Ottoman society was formally divided into two broad legal categories: the askeri (the military-administrative class) and the reaya (the taxable commoners). The askeri included the sultan, his household, the members of the divan, the military officers, the judges, the teachers, and the religious scholars. The reaya were everyone else — peasants, artisans, merchants, and townspeople, regardless of religion.

In practice, the empire was also a deeply hierarchical world in which rank was expressed in the color of one’s turban, the fabric of one’s robe, the number of horses in one’s retinue, and the size of one’s household. Beneath this hierarchy, however, Ottoman society was more socially mobile than many of its European contemporaries. The devshirme system regularly raised Christian peasant boys to the highest offices of state, and wealthy merchants, Jewish bankers, Greek Phanariots, and Armenian architects often amassed fortunes and influence rivaling those of Muslim officials.

The role of religion

Islam was the state religion, and the sultan was both a political ruler and, in legal theory, the protector of the faith and the shadow of the caliph after the Mamluk sultanate was absorbed in 1517. Yet the empire was, from the beginning, organized around the principle of the millet — a confessional community with its own courts, schools, and personal-status law. The Orthodox Greeks, the Armenian Gregorians, and the Jews each had their recognized millet with its own spiritual leader, while the Ottomans left the various Christian churches and synagogues free to govern their own flocks in exchange for loyalty and the payment of the jizya tax.

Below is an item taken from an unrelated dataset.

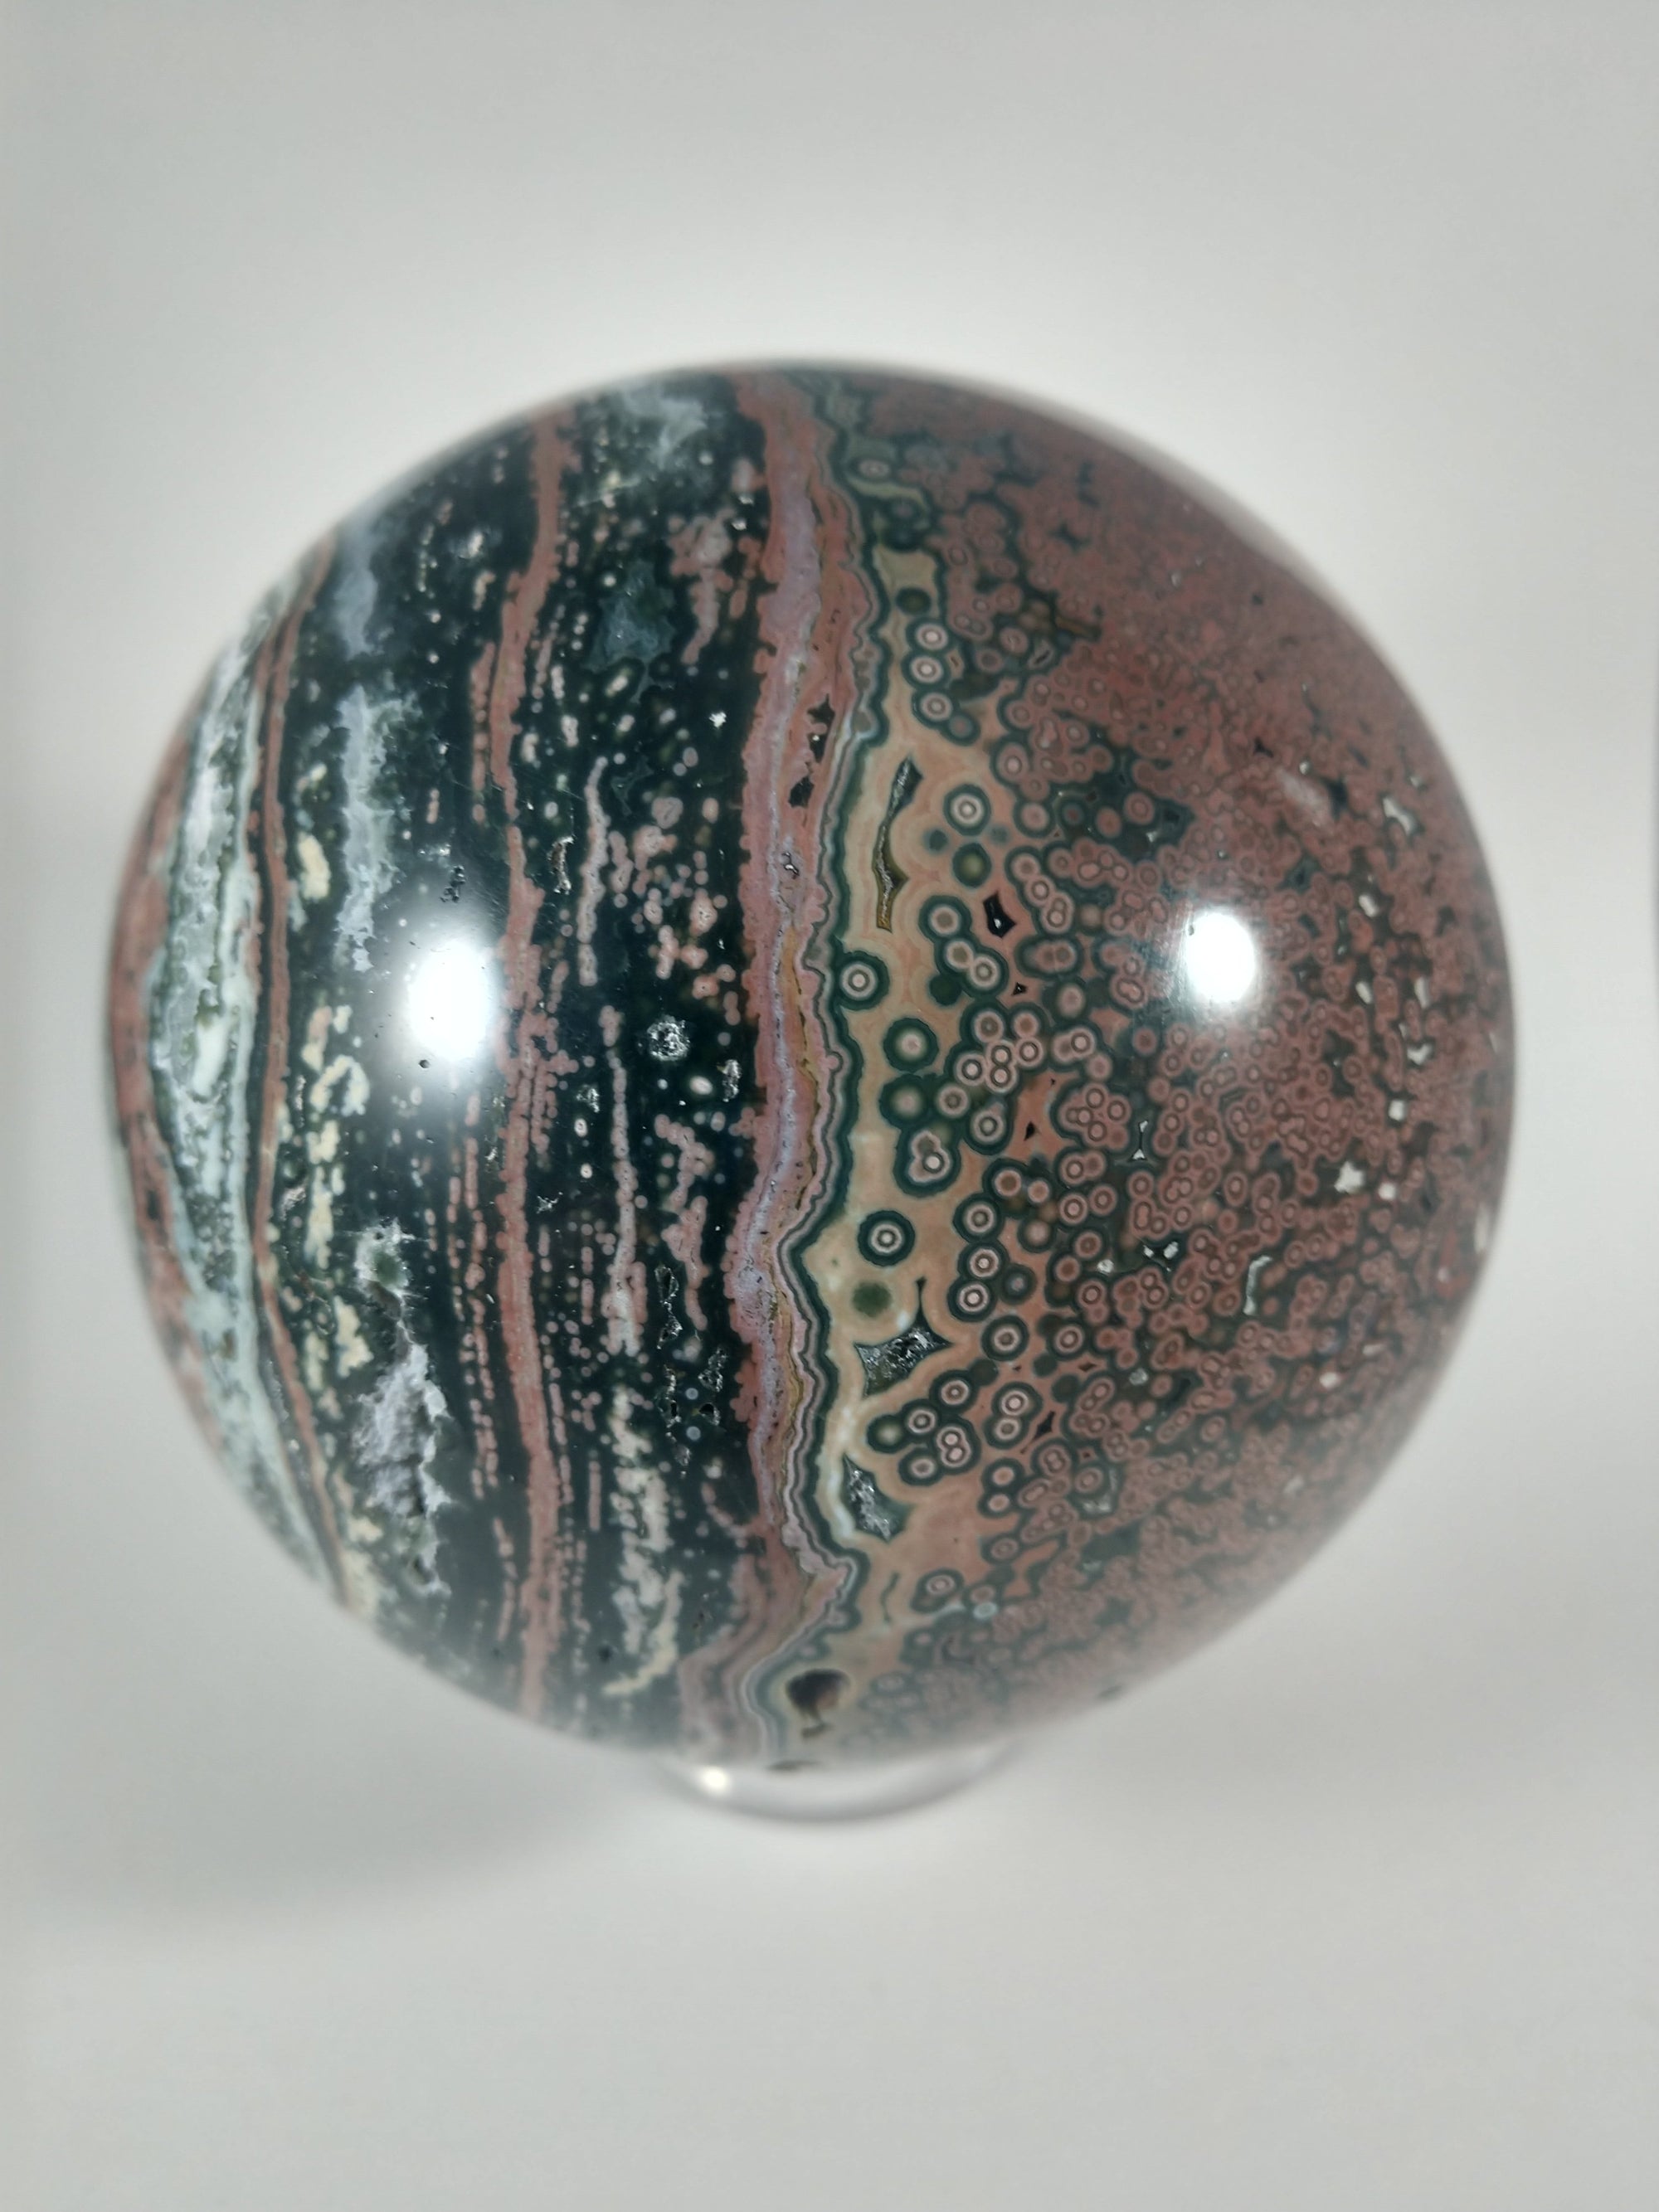 Ocean Jasper Sphere, 2.37 lbs.

The result was a social landscape in which a single neighborhood in Istanbul, Cairo, or Thessaloniki might contain a mosque, a Greek church, an Armenian chapel, a synagogue, a hamam, a school, and a coffeehouse within a few streets of one another. Religious tolerance was pragmatic rather than idealistic — the Ottomans were no more tolerant than they had to be — but it produced a remarkably plural urban culture.

The city and the village

About a quarter of the Ottoman population lived in cities, and the great metropolises — Istanbul, Cairo, Bursa, Edirne, Damascus, Aleppo, Baghdad, Salonica — were some of the largest in the world. The rest lived in villages, on farms, or as semi-nomadic herders. The cities were organized into quarters, each dominated by a particular trade, ethnic group, or religious community, and each with its own mosque or church, its own bakery, its own fountain, and its own hamam.

The village, by contrast, was governed by custom and by the village imam or priest, and it was the village — not the city — that the traveler Evliya Çelebi, the great seventeenth-century Ottoman writer, sometimes missed most when he was on the road. His ten-volume Seyahatname describes a rural world of hospitality, weddings, harvest songs, and dervish lodges that endured well into the modern period.

Daily life

The rhythm of the day

Ottoman daily life was organized by the five canonical prayers of Islam, by the working hours of the bazaar, and — after its introduction in the sixteenth century — by the habit of coffee. The muezzin’s call from the minaret divided the day into clean, predictable segments. A typical urban household in the seventeenth or eighteenth century would rise before dawn for the sabah prayer, share a light breakfast of bread, cheese, olives, and tea or coffee, send the men to the bazaar or the workshop, the women to the hamam or the market, gather for the main meal of the day at midday, rest through the heat of the afternoon, take a second meal at sunset after the akşam prayer, and end the day with the yatsı prayer before bed.

Food and meals

Ottoman cuisine is one of the great syntheses of world cooking. It drew on Persian, Arab, Byzantine, Balkan, and Central Asian traditions, and it produced a repertoire of dishes that are now considered classics across the Middle East, the Balkans, and beyond. The imperial kitchen at Topkapı — a vast complex of dozens of specialized cooks, pastry chefs, butchers, and roasters — set the standard for the whole empire. From its workshops came pilav seasoned with currents and pine nuts, slow-cooked lamb stews, stuffed vegetables, börek pastries, sherbets of rose and tamarind, and the famously elaborate desserts of the palace: baklava, kazandibi, künefe, and lokum.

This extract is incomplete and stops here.